Peut-on dire que si des centres de santé se permettent de truander les patients en fraudant sur les factures des produits pharmaceutiques des abonnés à l’Institut national d’assurance maladie ( INAM ), c’est la faute à celle-ci ? Assurément.

La protection sociale imposée par l’Etat n’a pas fait l’objet de consultation des fonctionnaires et autres agents de l’Etat avant sa mise en route. C’est ainsi que tout fonctionnaire en activité ou admis à la retraite, s’est trouvé obligé d’y adhérer. Parce que sans le consulter, l’Etat lui prélève des frais pour assurer le fonctionnement de cet institut. Mais alors, pourquoi les abonnés ne bénéficieraient-ils pas pleinement des services y rattachés ?
On n’est pas encore sûr à 200%, mais à 100%, oui. Il paraît qu’il existe des centres médico-sociaux dont la spécialité est de rajouter des frais indéterminés sur les factures des patients qui viennent à eux pour des soins. Et d’après les infos, des agents de l’INAM qui auraient été informés, se contentent de dire simplement aux patients de ne plus se rendre dans ces centres. Trop facile à notre sens.
Si des citoyens n’ayant pas demandé à être affiliés à une quelconque mutuelle de santé ont été forcés à adhérer à ce que l’Etat a mis en place, et que par la suite, on constate des arnaques, il revient normalement à l’Etat de se lever pour déterminer d’où viennent les fraudeurs et les raisons qui les poussent à surfacturer les frais médicaux. Et dire qu’avec ça, les autorités cherchent par touts les moyens à court-circuiter les initiatives venant des populations et qui permettent de mettre sur pied des mutuelles de santé dans les villes et régions du pays.
Après l’INAM, c’est au tour de la Délégation à l’organisation du secteur informel de dame Ingrid qui, à l’instar d’un assaisonnement, veut figurer dans toutes les sauces mutualistes.
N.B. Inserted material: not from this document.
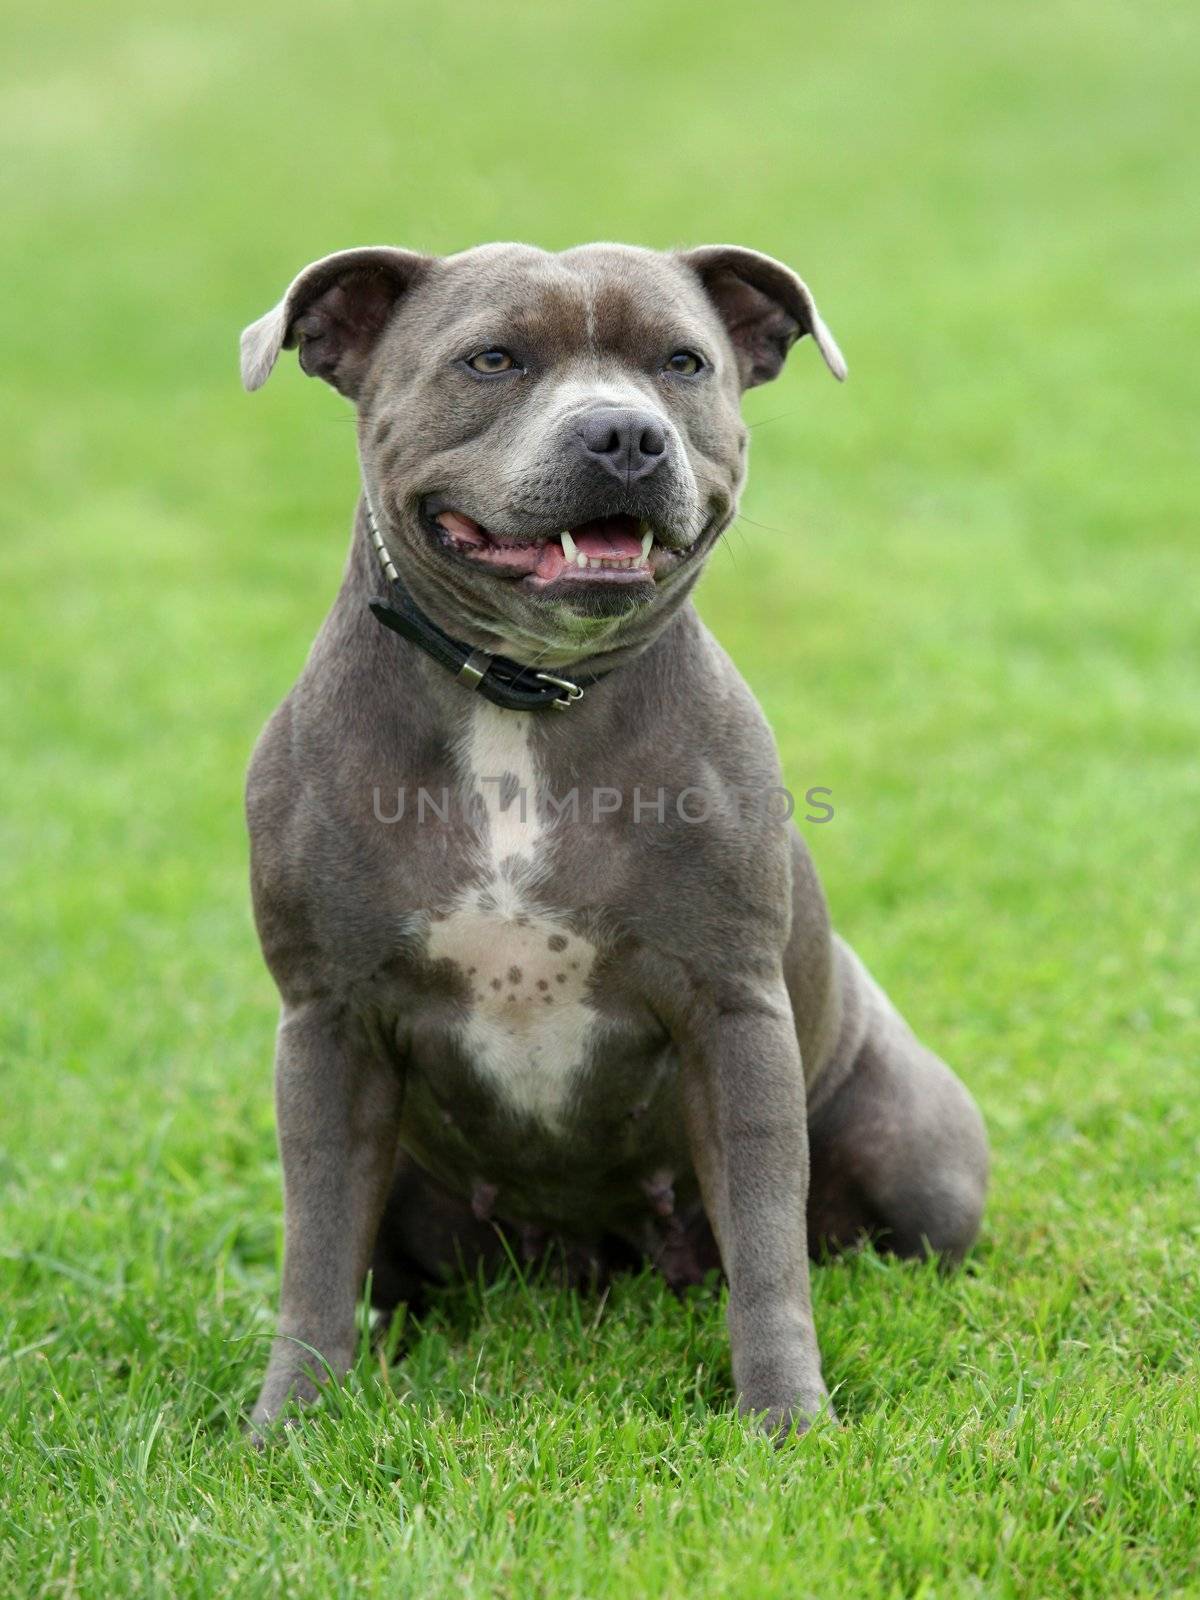 Portrait of a nice American staffordshire terrier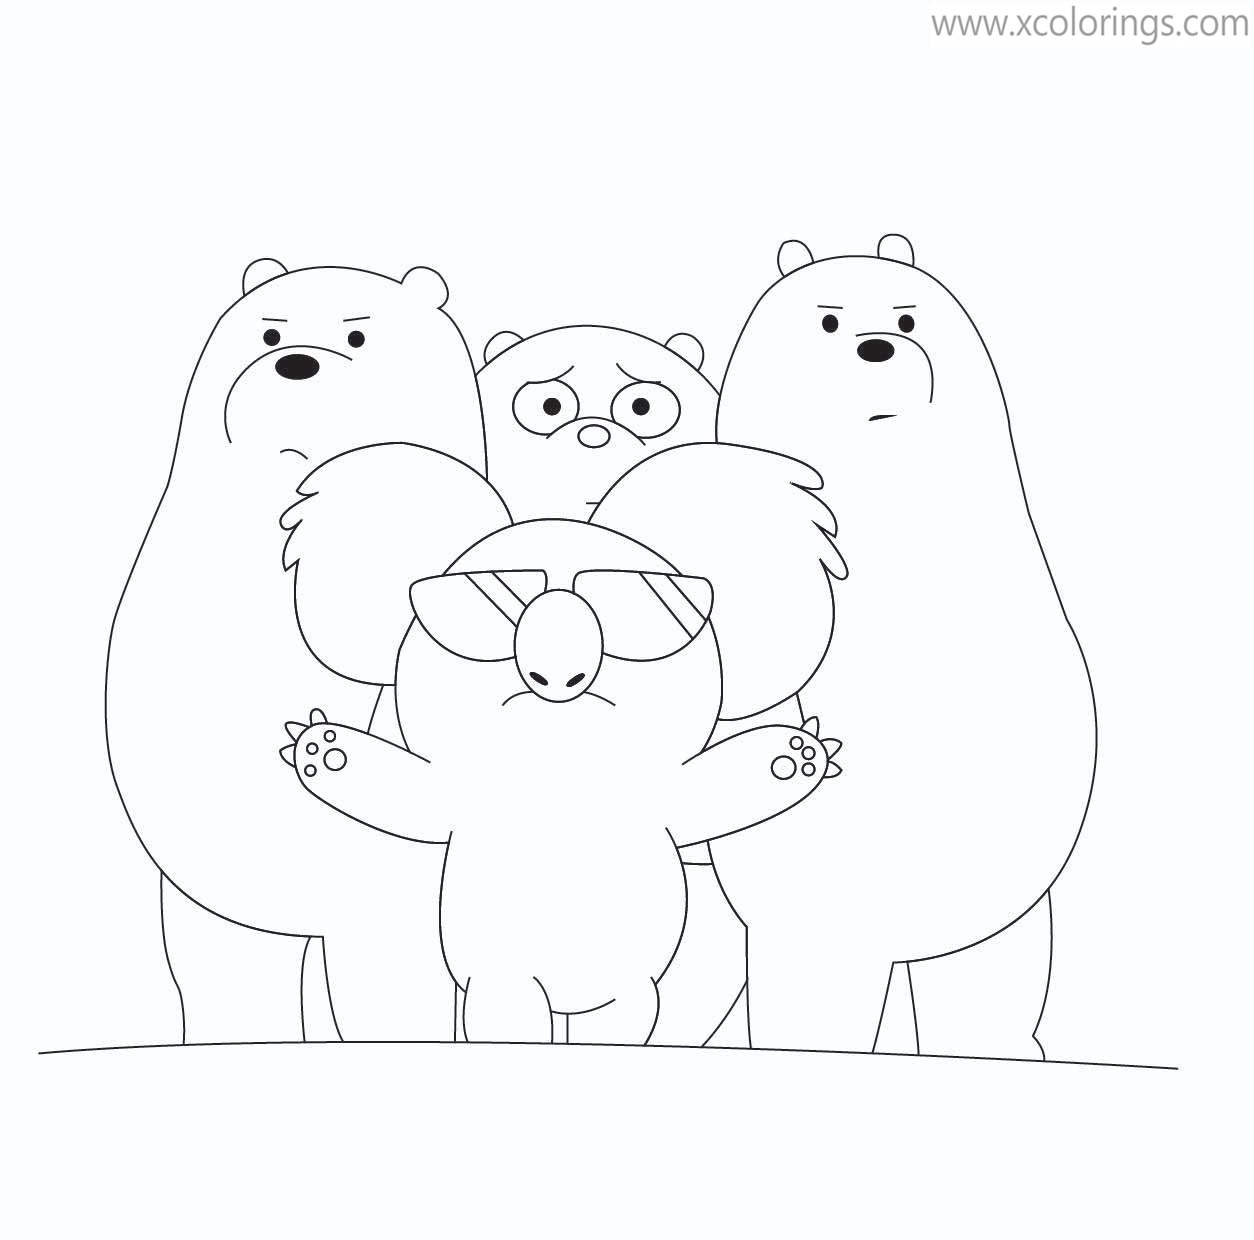 Free We Bare Bears Coloring Pages Bears and Nom Nom printable

Conducteurs de taxi moto, agriculteurs, bénéficiaires du fonds national de la finance inclusive, journalistes, forgerons, mécaniciens, balayeurs de rues, et quoi encore ! A ce rythme, il est certain qu’en même temps que le Togo atteindra l’émergence dans les mois à venir, tous les citoyens seront assurés et pourront tomber malades selon leur désir. Puisque tout le territoire sera assuré. Mais en attendant, que les responsables de cet INAM sortent un peu de leurs bureaux et aillent sur le terrain pour traquer les centres médico-sociaux véreux. Il y va de la santé financière des pauvres abonnés.